Every line below is to be set down again exactly; any image stays out.

▶ The data:
Start of Block
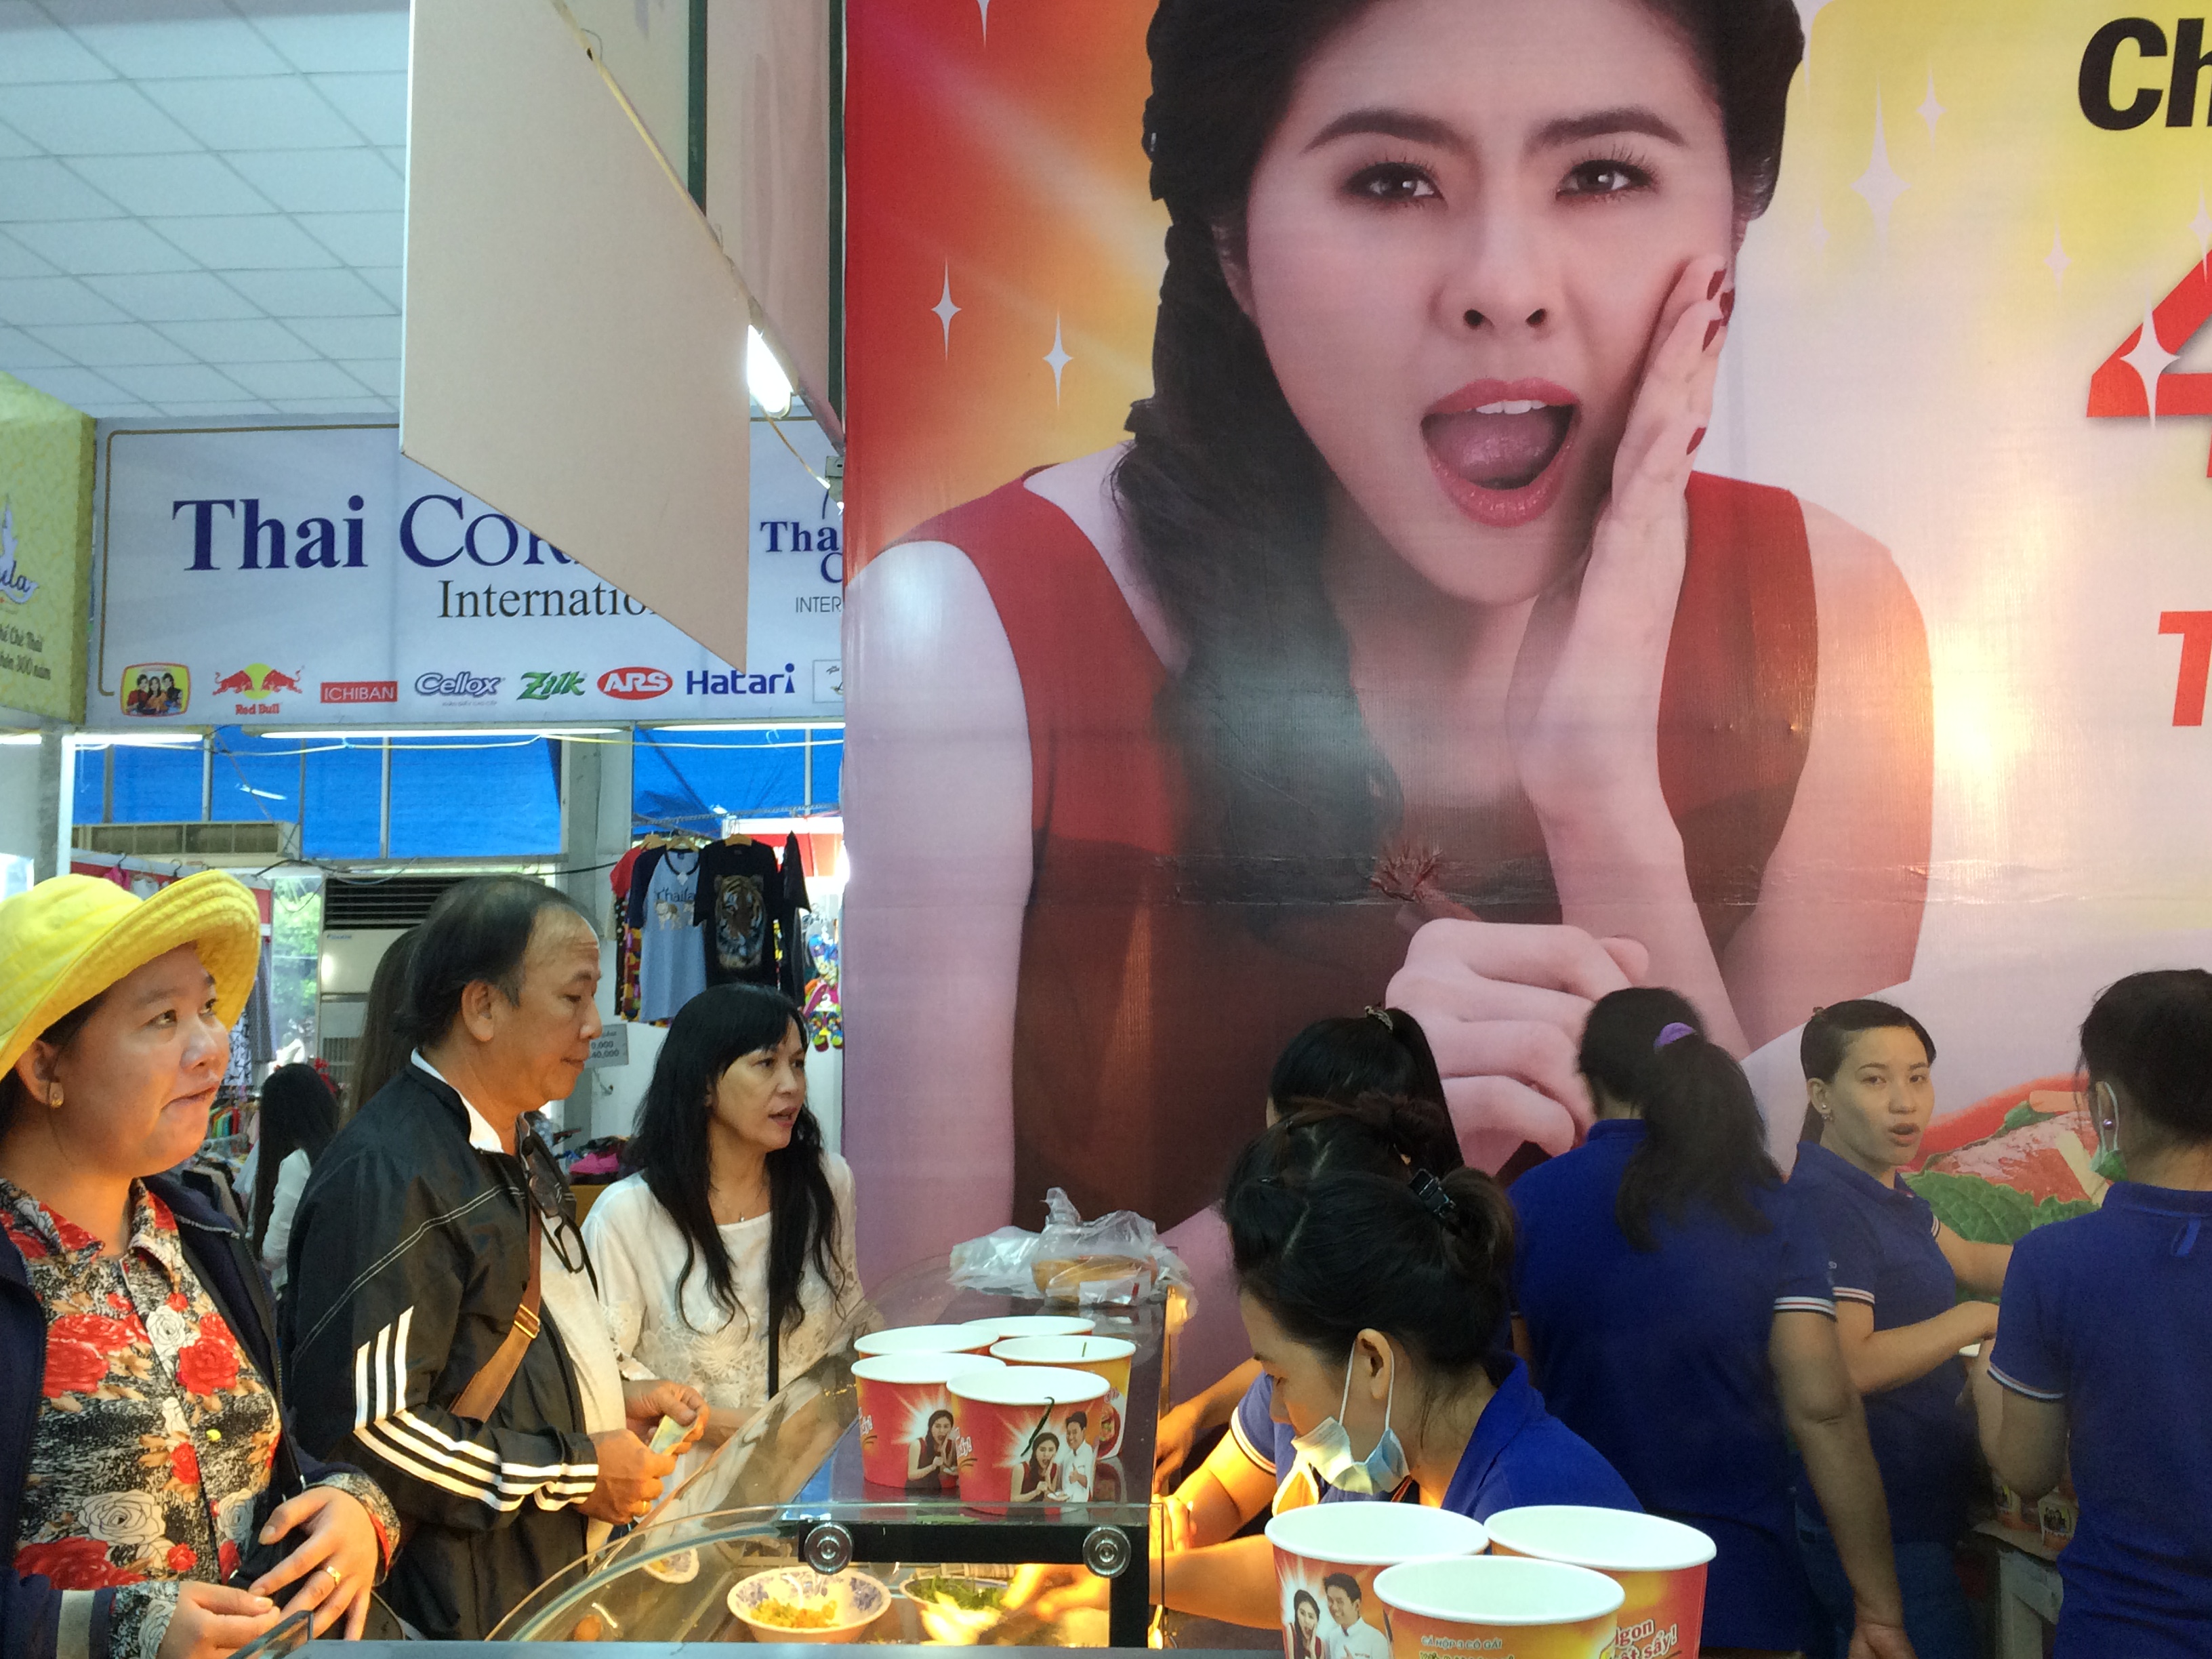 Thức ăn nhanh của Thái tìm đủ mọi cách lấy lòng người tiêu dùng- ảnh HL
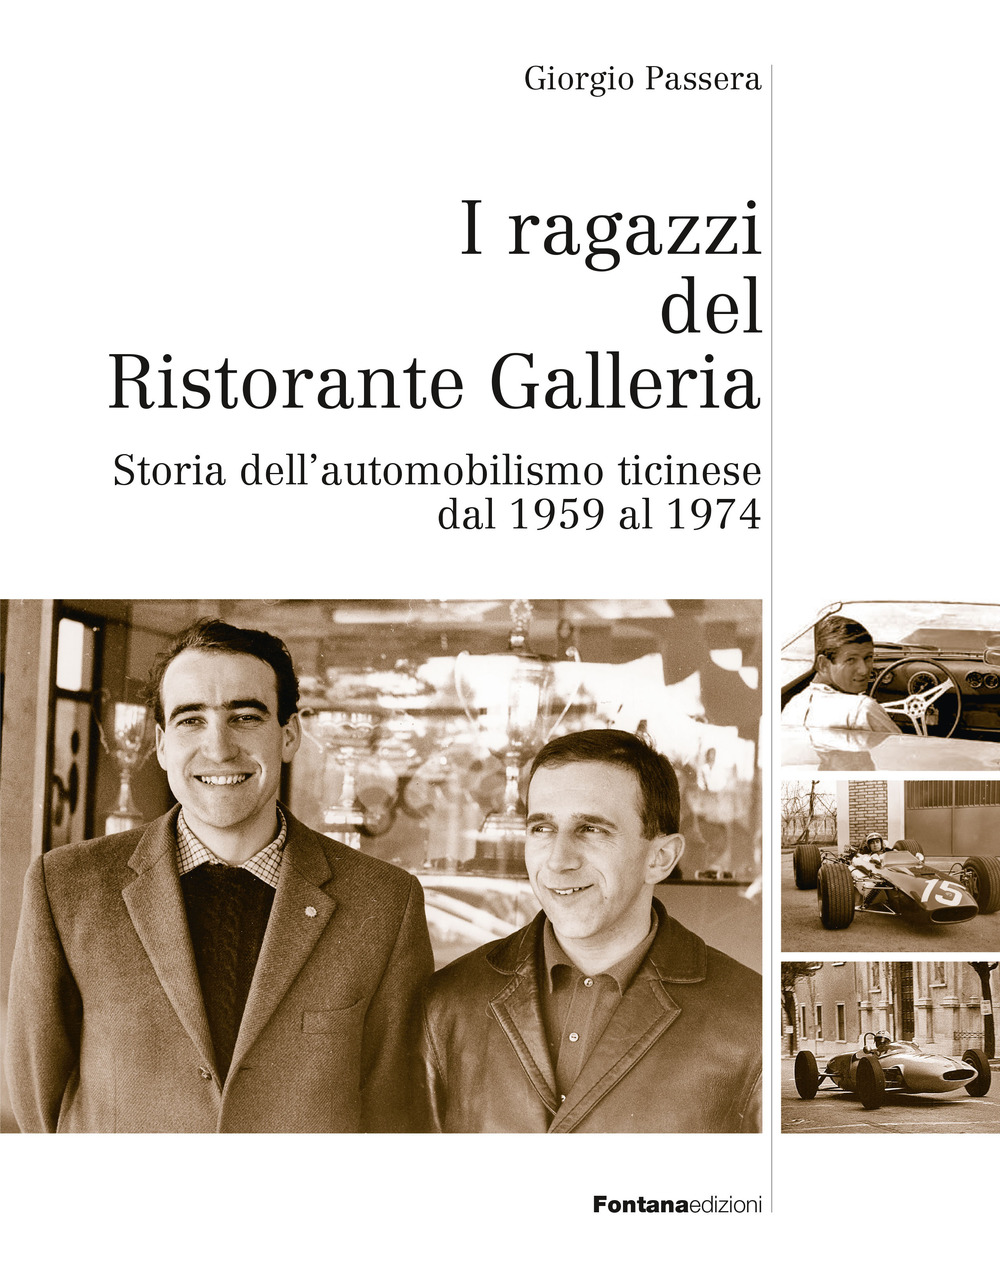 I ragazzi del ristorante Galleria. Storia dell'automobilismo ticinese dal 1959 al 1974
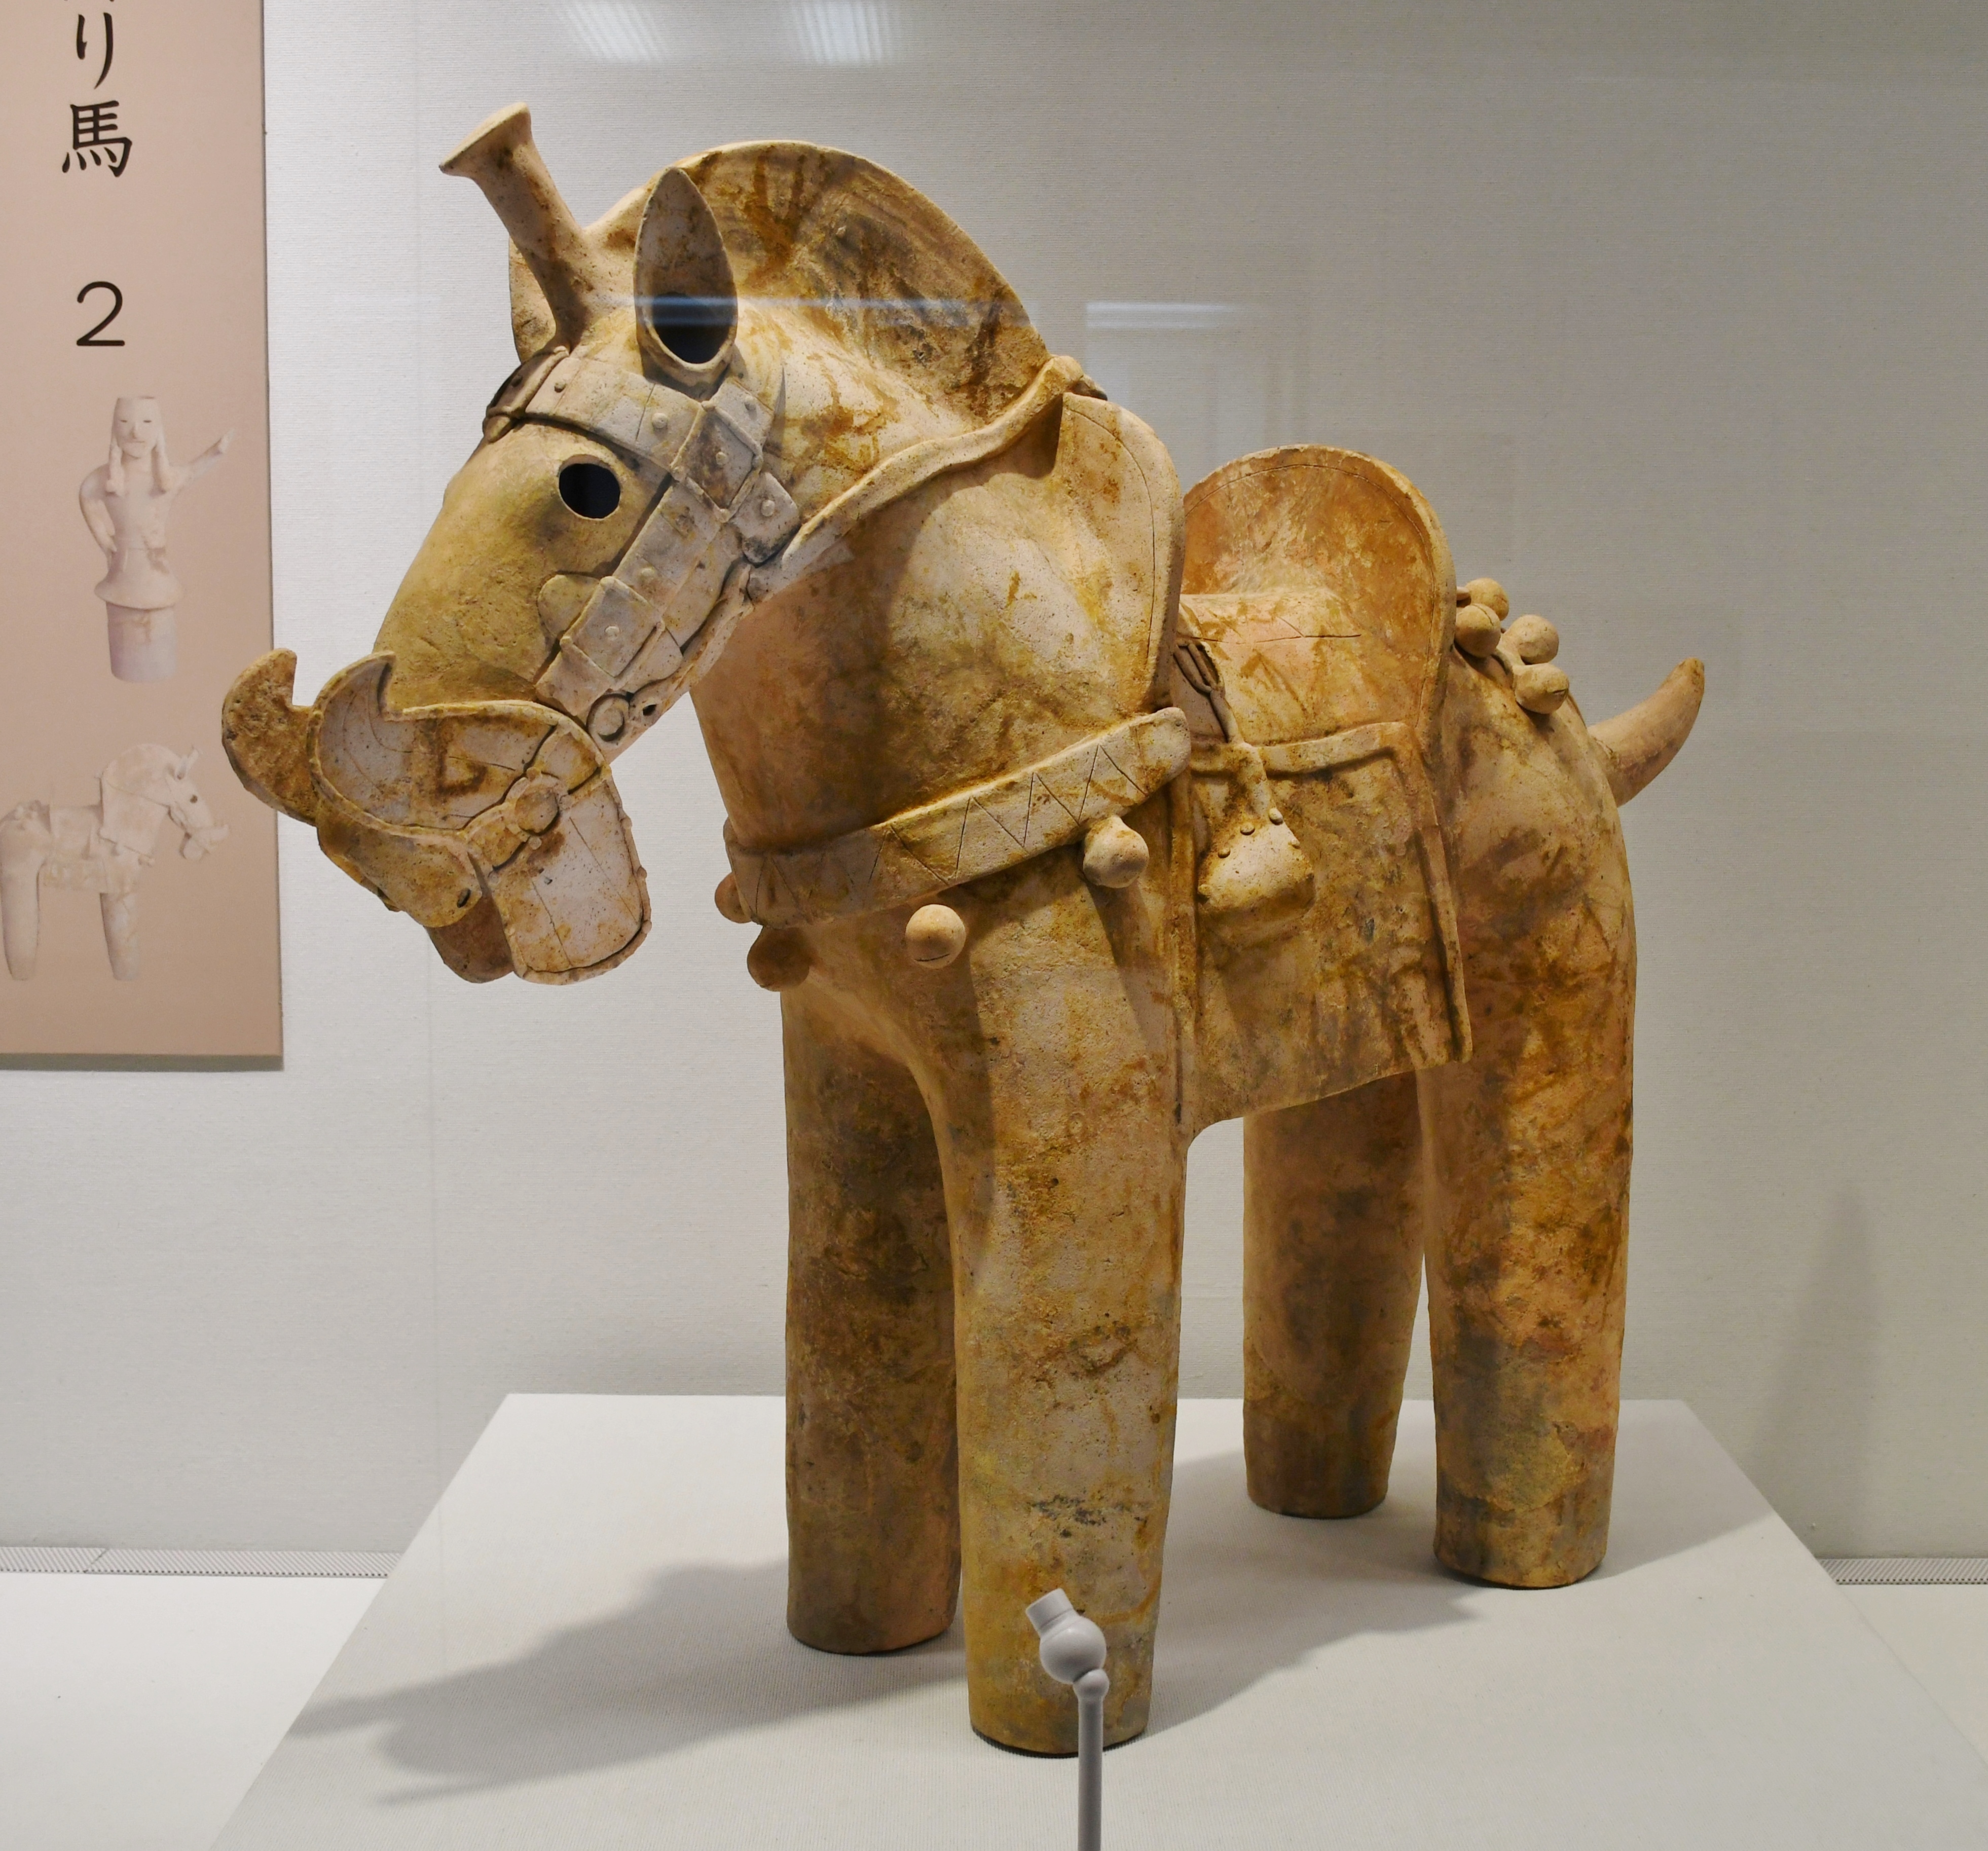 File:塚廻り4号古墳出土 埴輪 飾り馬-2.JPG - Wikimedia Commons
End of Block
▶ Task response:
 Thức ăn nhanh của Thái tìm đủ mọi cách lấy lòng người tiêu dùng- ảnh HL
 I ragazzi del ristorante Galleria. Storia dell'automobilismo ticinese dal 1959 al 1974
 File:塚廻り4号古墳出土 埴輪 飾り馬-2.JPG - Wikimedia Commons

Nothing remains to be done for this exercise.